## DATA BELOW
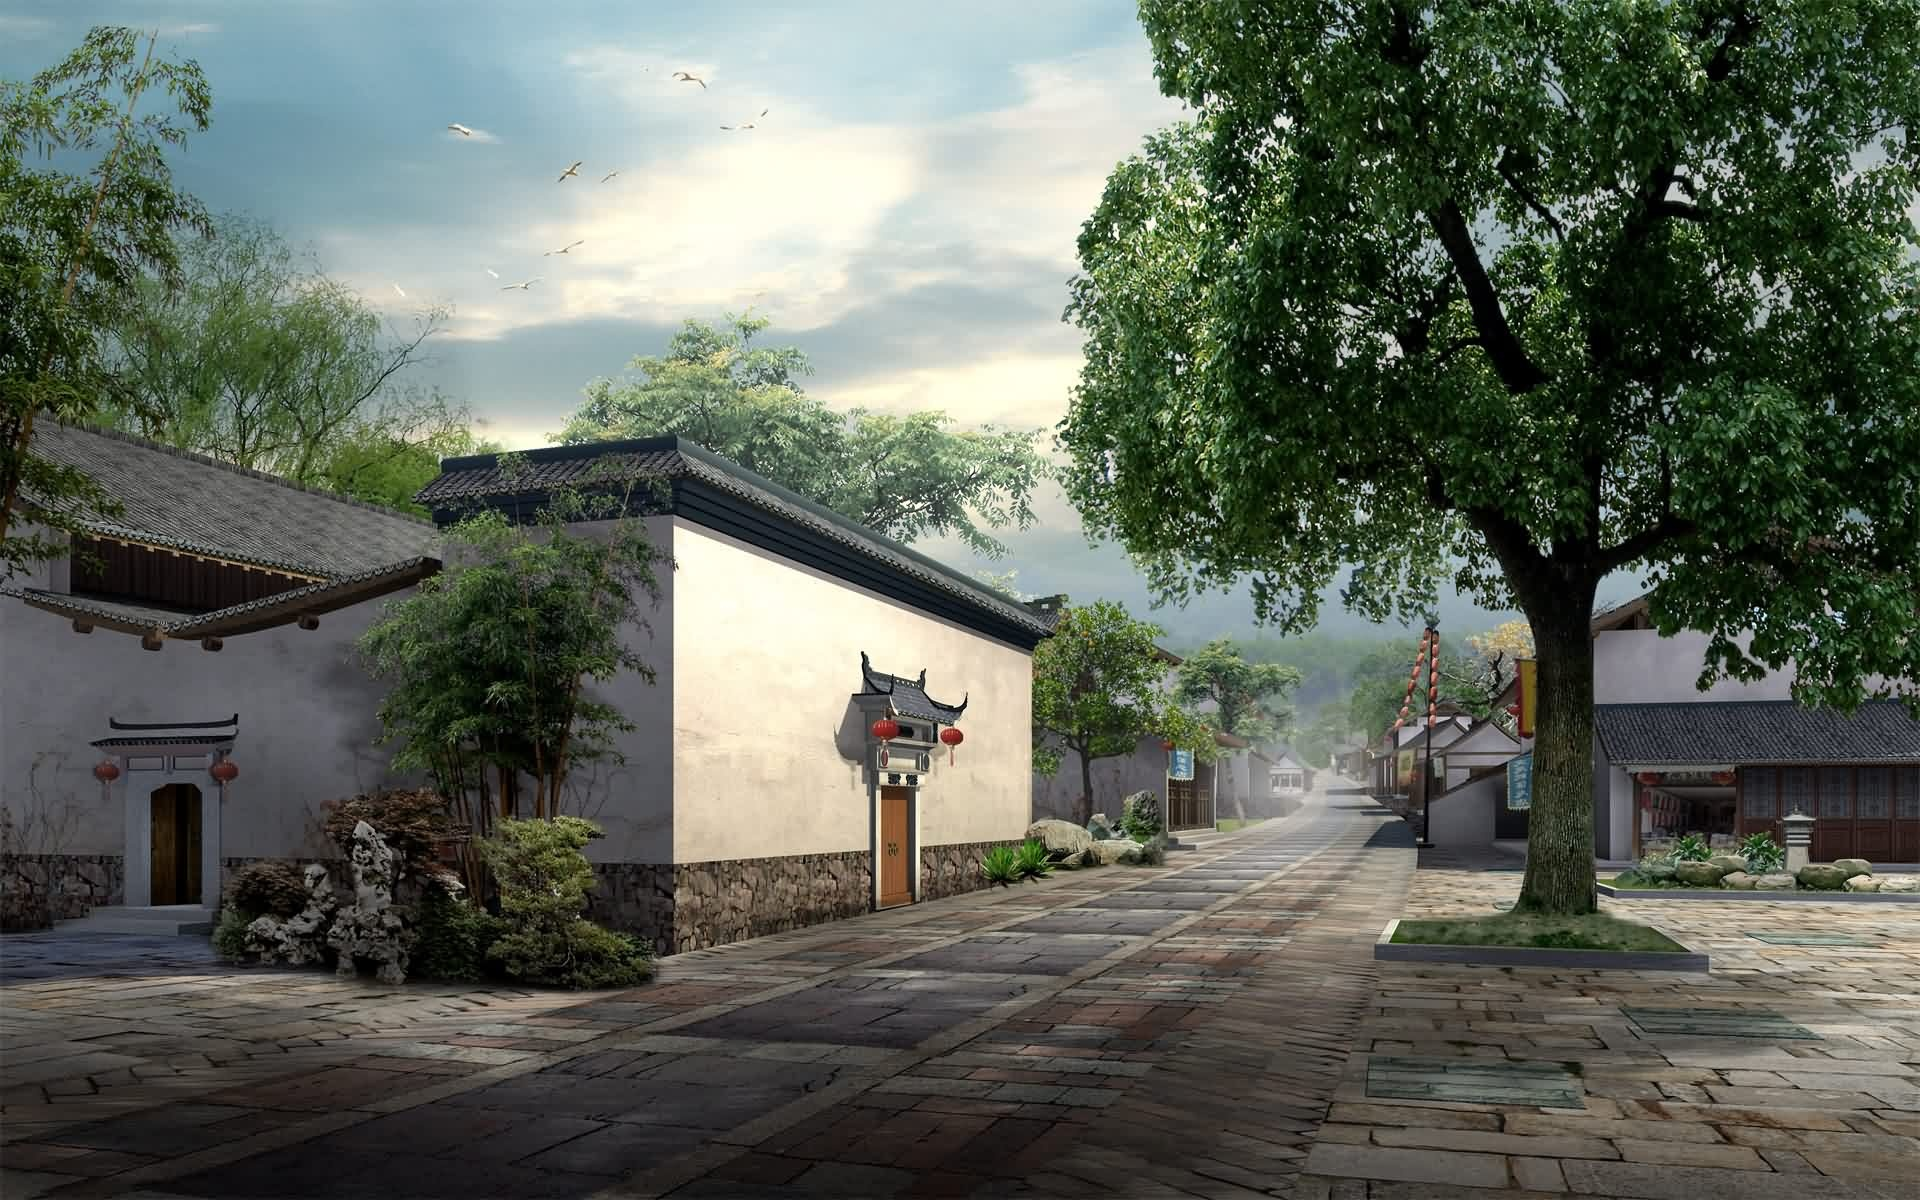 router du village wallpapers 15966 1920x1200jpg 1920x1200
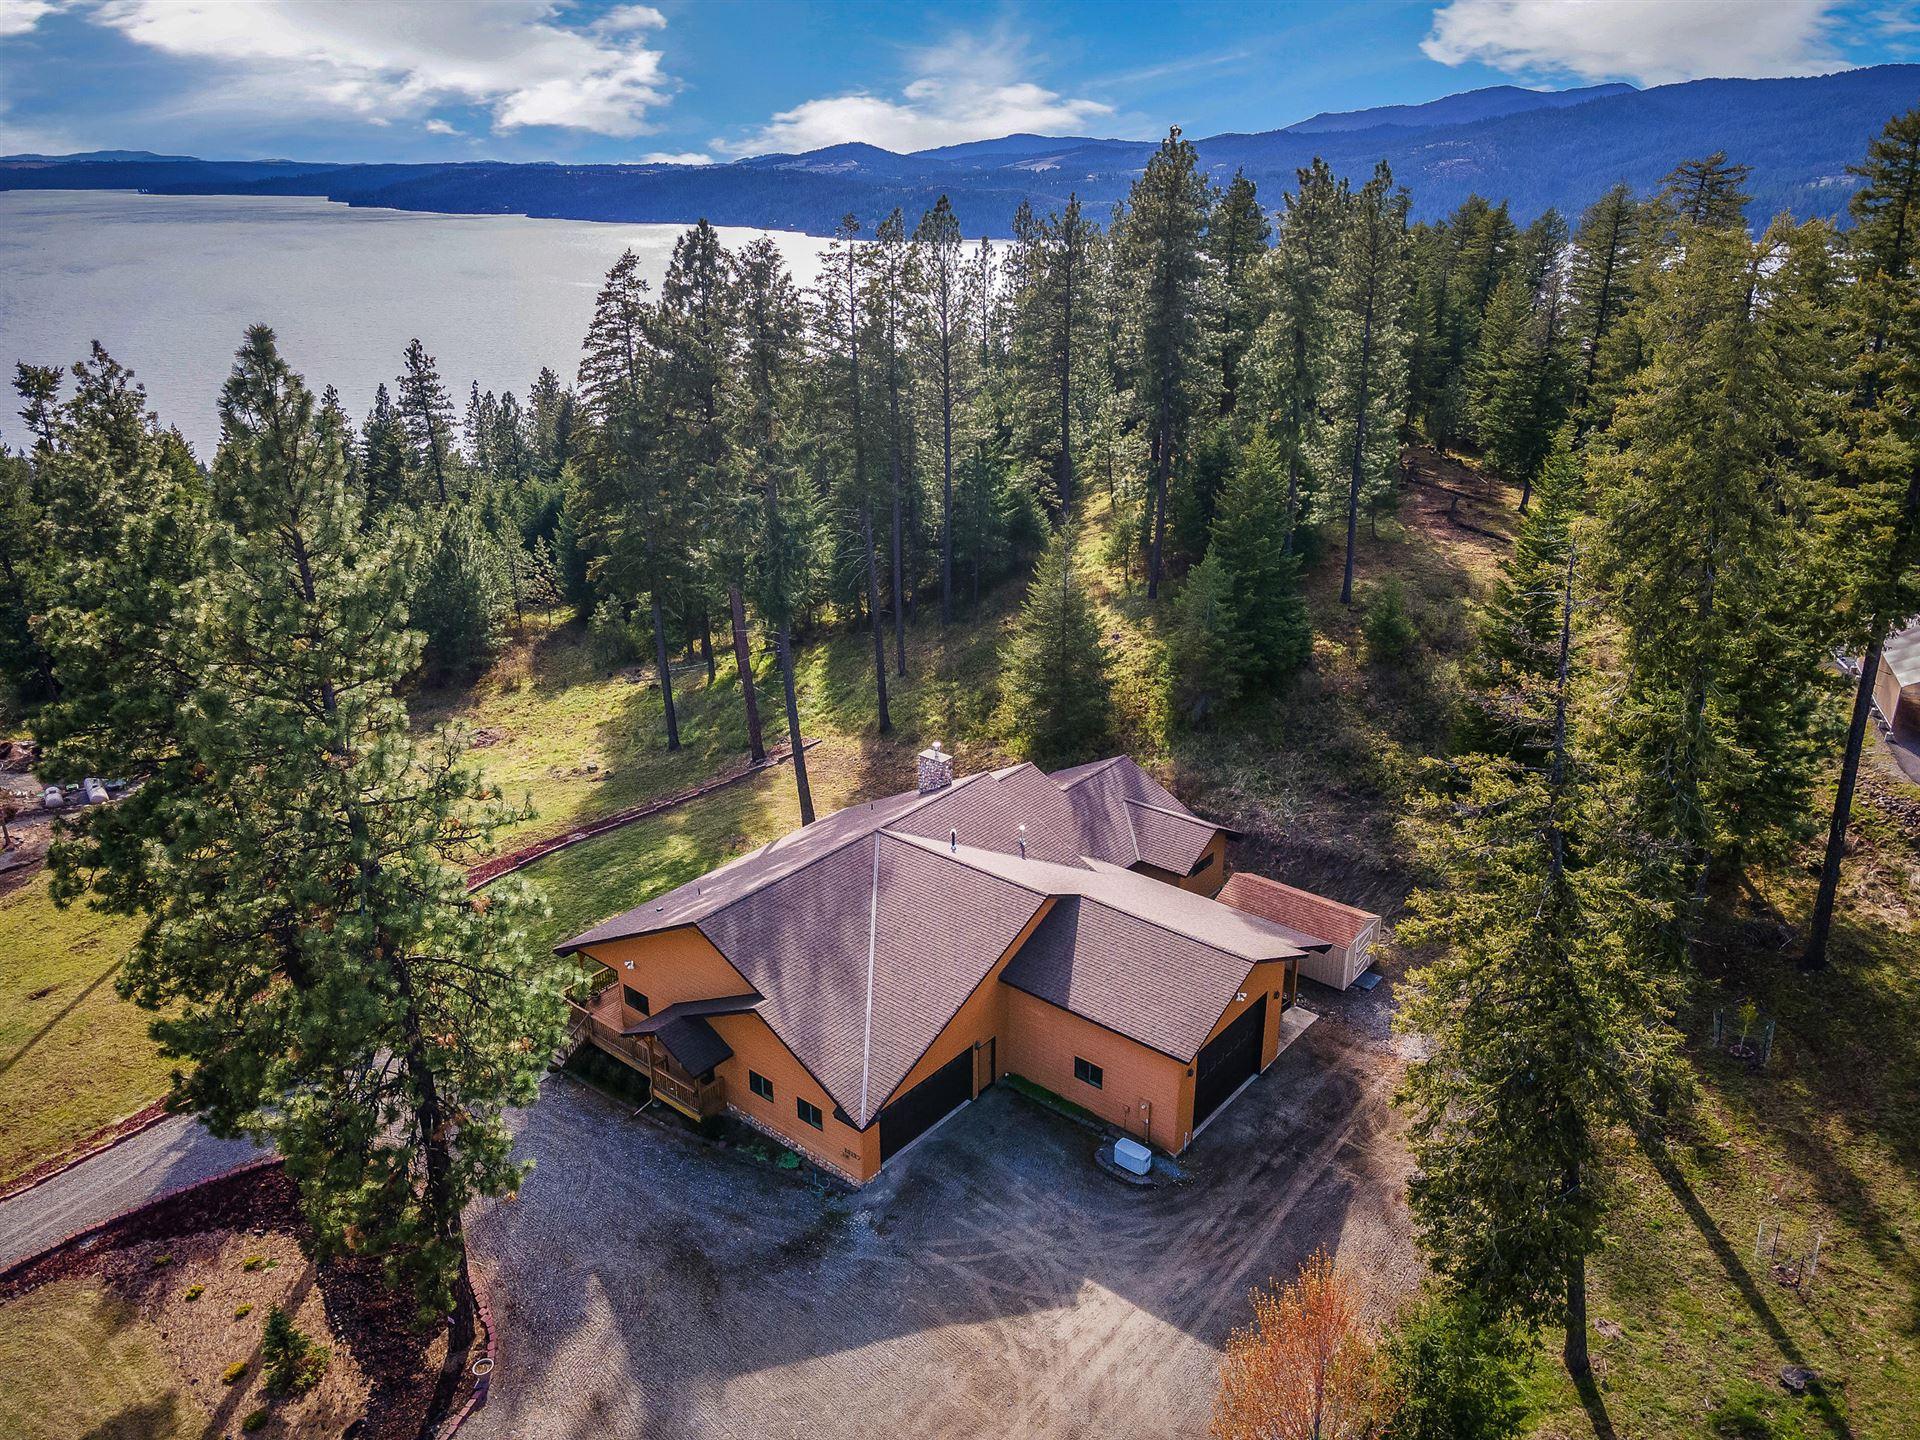 Photo of 13127 S Ridge View Lp, Harrison, ID 83833 (MLS # 21-3999)
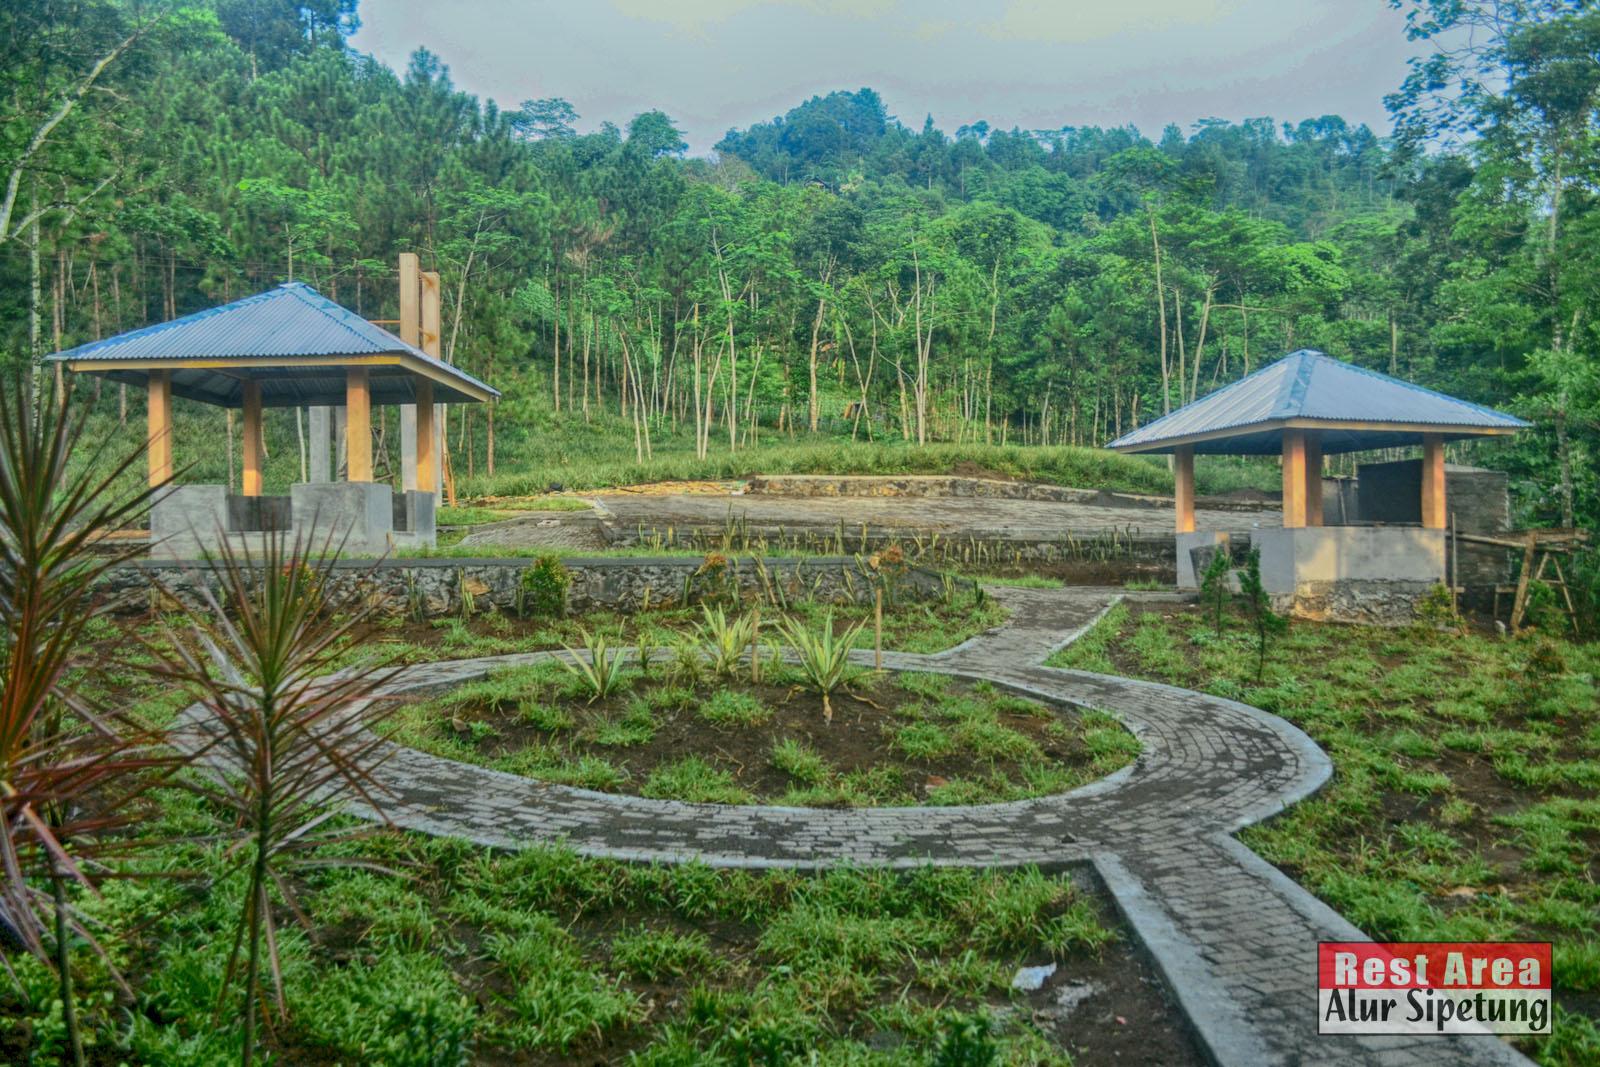 Rest Area Alur Sipetung
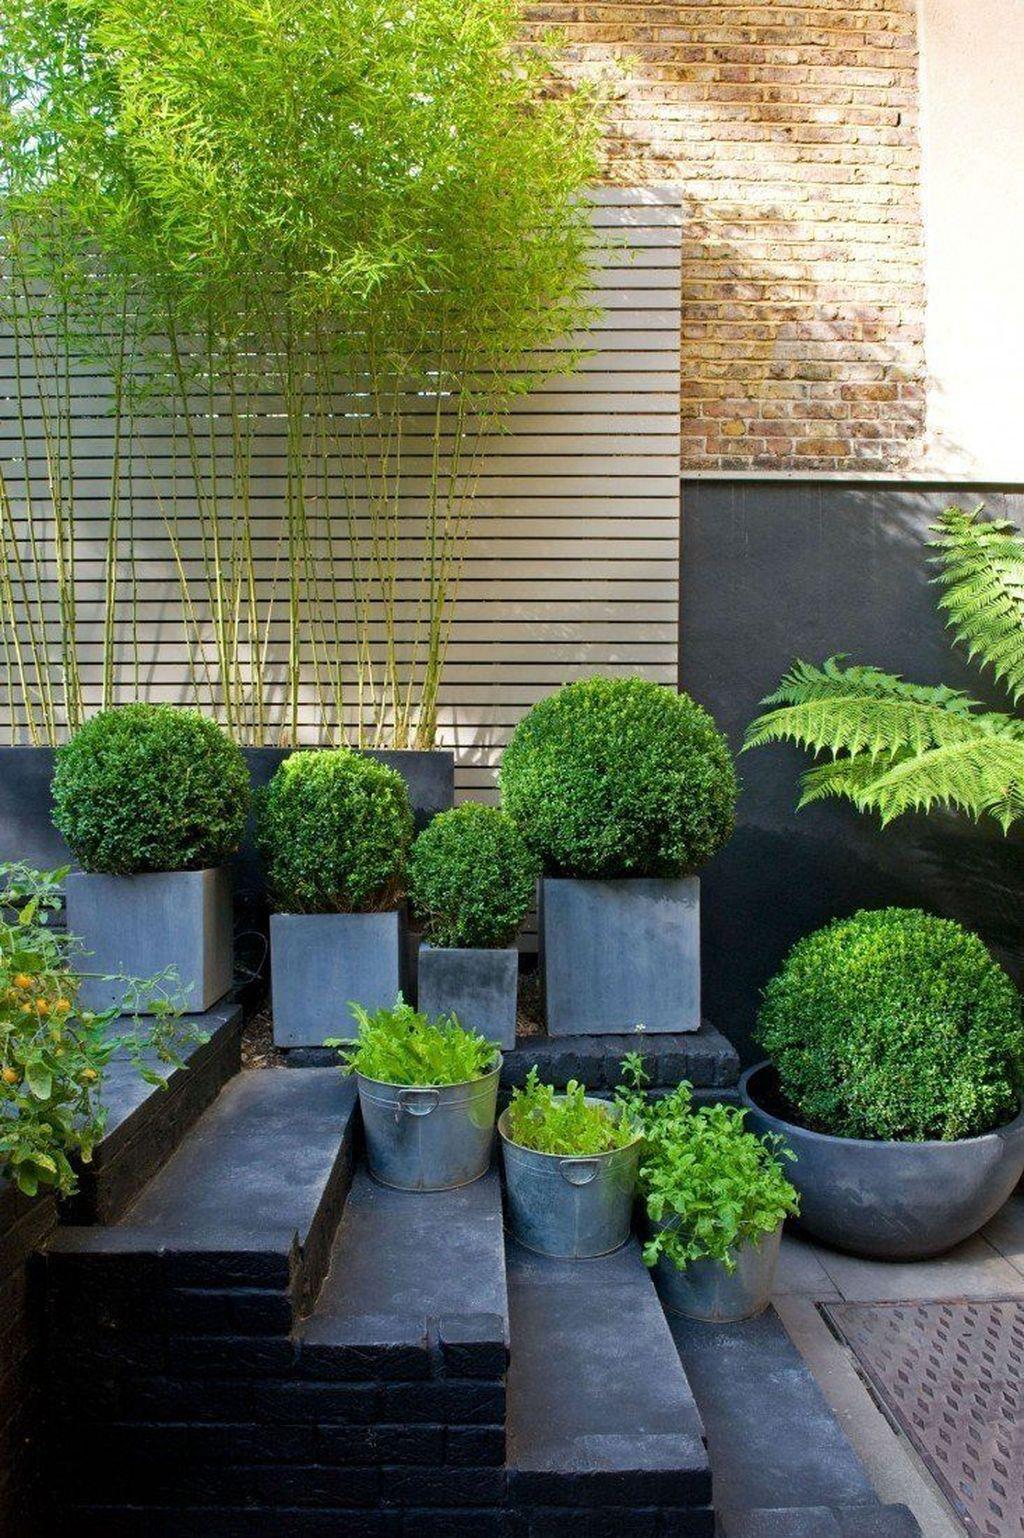 The Best Urban Garden Design Ideas For Your Backyard 24

## DIRECTIONS
For this exercise, give the listing again exactly as written, with the pictures omitted.

## WRITTEN RESPONSE
 router du village wallpapers 15966 1920x1200jpg 1920x1200
 Photo of 13127 S Ridge View Lp, Harrison, ID 83833 (MLS # 21-3999)
 Rest Area Alur Sipetung
 The Best Urban Garden Design Ideas For Your Backyard 24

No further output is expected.